BAYRAMLIK
İyi bir yazar olsa yazısını yazmadan sözlüğe bakardı kesinkes.
‘Bayram’ı mı ele alacak, birkaç dilde bayram ne demek diye arardı.
Epistemolijik olarak nereden geldiğine bakardı.
Nereye gidebileceğine ilișkin birșeyler de söyleyebilirdi belki.
Oysa, bugün ben sözlüğe-mözlüğe bakmadan, bayramların toplumları toplum yapan değerlerden olduğunu söyleyeceğim.
Bir ortak değer.
Ve o ortaklığı ‘kuran’ bir değer.
‘Çimento’ da denilebilir.
İnsanı insan yapan, ‘hayvanoğlu hayvan’lıktan kurtaran bir ‘harç’.
Sözlüklerde böyle mi yazıyor bilmiyorum.
Bugün oruç tutan da tutmayan da sarılabilecek biribirine yine.
Müslüman olan olmayana saygı duyacak.
Küskünler barıșabilecek.
Görüșebilenler biribirlerine șeker ikram edecek, ıraktakıler bir kutlama ‘ileti’si göndereceklerdir.
Ben de buradan hepinizin bayramını içtenlikle kutlarım.
Ancak hepinizin içinde Alaca Karanlık Partisi yöneticilerinden kimse olmasın.
Ergenekon davasına bakan savcı ve yargıçlar;
Fare kuyruğu bıyıklı vali ve kaymakamlar;
Polis müdürleri, TSK subayları, zabıta ve sair güvenlik güçleri;
Yüksek ve alçak memurlar;
Milletvekilleri ve belediye bașkanları;
‘Bunlardan Allah razı olsun’ diyenler;
Ayırdında olmadan bunların peșine takılanlar da olmasın.
Mehmetçiğe kurșun sıkanlar;
‘Türkiye Cumhuriyeti’ne TC diyenler;
Kemalizmi öğrenmeden yerenler;
Sosyalizmi bilmeden savunanlar;
Okuduğunu anlamayanlar da olmasın.
Kenan Evren, Turgut Özal, Tansu Çiller ve Necmettin Erbakan da olmasın.
Abdullah Gülen, Fetullah Gül ile Recep Șaban;
Bülent Ersoy ya da Bülent Arınç, Hasan Demir ya da Hüseyin Çelik, Bozdağlı Bekir ya da Altaylı Beșir de olmasın.

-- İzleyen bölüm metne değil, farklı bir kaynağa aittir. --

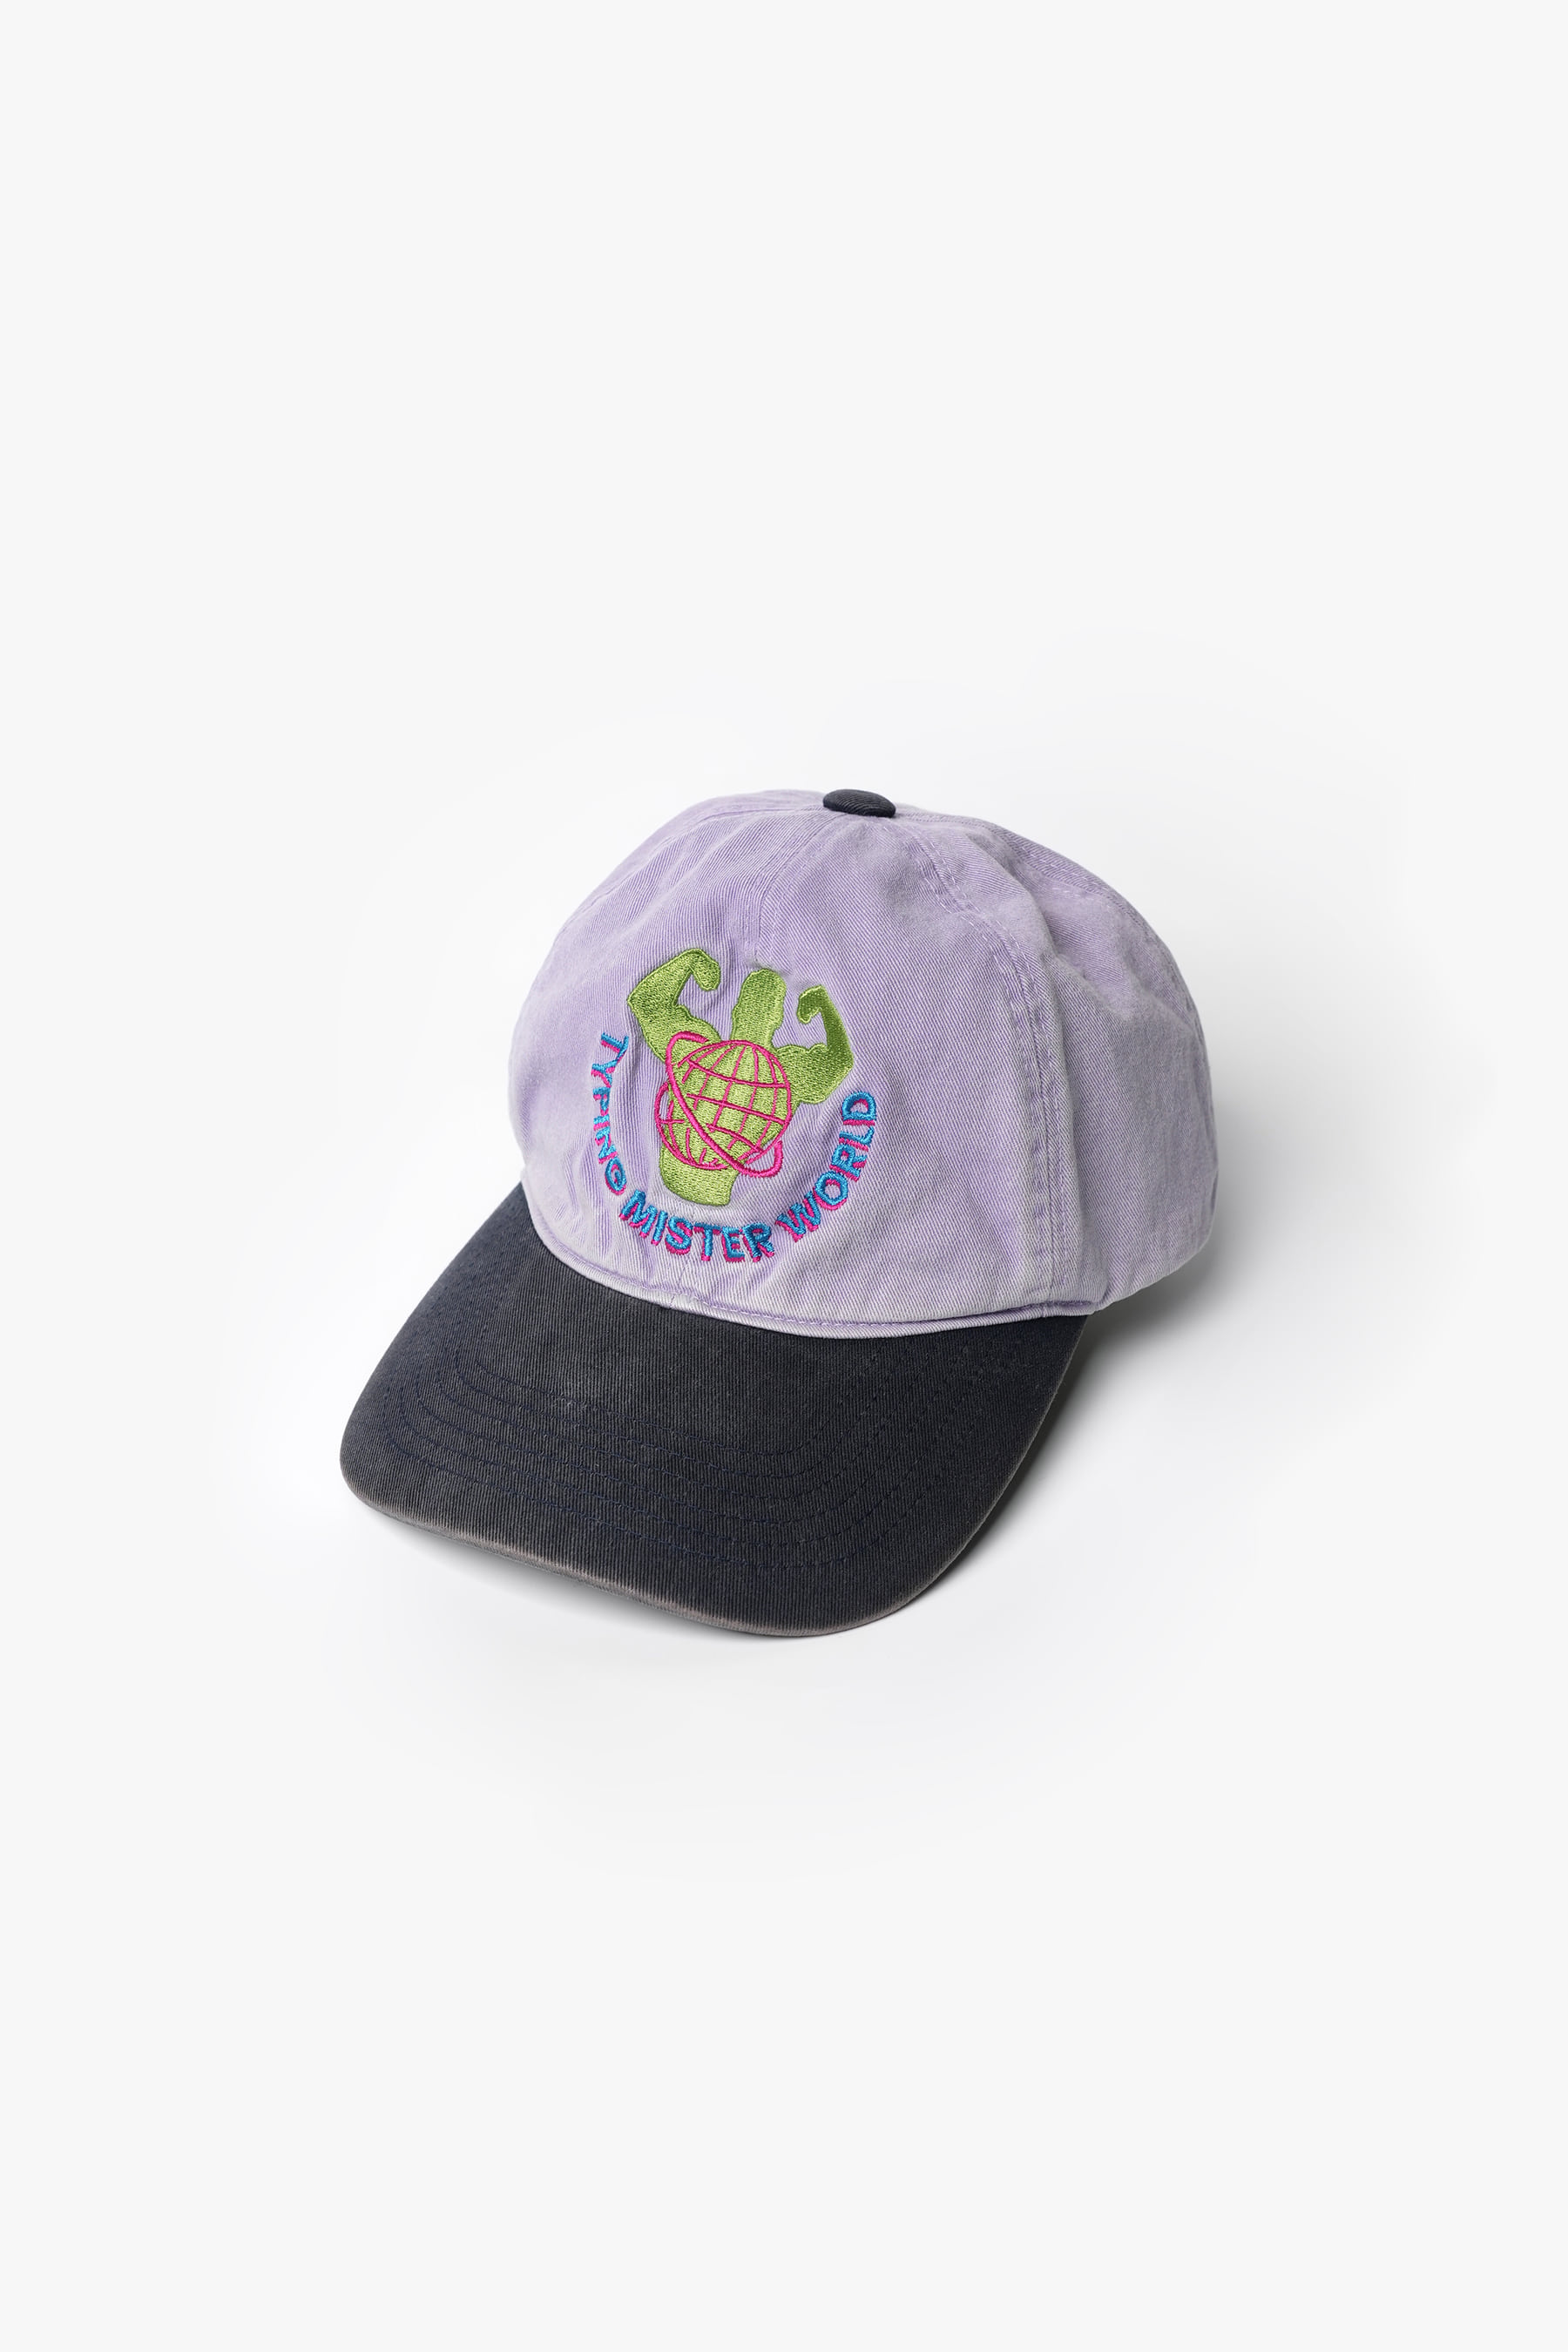 DUSTY LAVENDER/NAVY 80-90’S VNTG CAP (1990’S 1MUSCULAR GRAPHIC PARODY)

Abdullah Öcalan ya da Cemil Bayık; Barzani ya da Talabani de olmasın.
Bayramlarını kutlamıyorum.
Bunlarla herhangi bir ‘ortak değer’i paylașmıyorum.
Tarihin belli bir ‘zaman dilimini’ paylaștık sadece.
Ben ‘insan’ onlar ‘birey’ olmayı yeğlediler;
Bencil, çıkarcı ve düzenbaz oldular.
Bu bayramda da bayramlașmayacağım onlarla.
Gelecek bayramlarda da..
Çimentoları bulașmasın bana, sarılıp da birlikte tașlașmak istemem.
En azından ‘iki yüzlü’ değilim.
Onların ‘çimentosu’ da ‘harç’ları da iki yüzlü ve kaypak oysa.
İsterse fare kuyruğu bıyıklarının altından gülsünler bana.
Doğaları öyledir, yarın da kașlarını çatacaklardır doğallıkla.
‘İnsan’ olmadan insan ‘mıș gibi’ görünmek günü değildir bayramlar.
Hem olduğu gibi görünen hem de göründüğü gibi olanların bayramını kutlarım.
Onlar da benim bayramımı kutlamasınlar.
Hiç değilse bir gün, bir bayramda ‘oldukları gibi görünsünler’ yeter.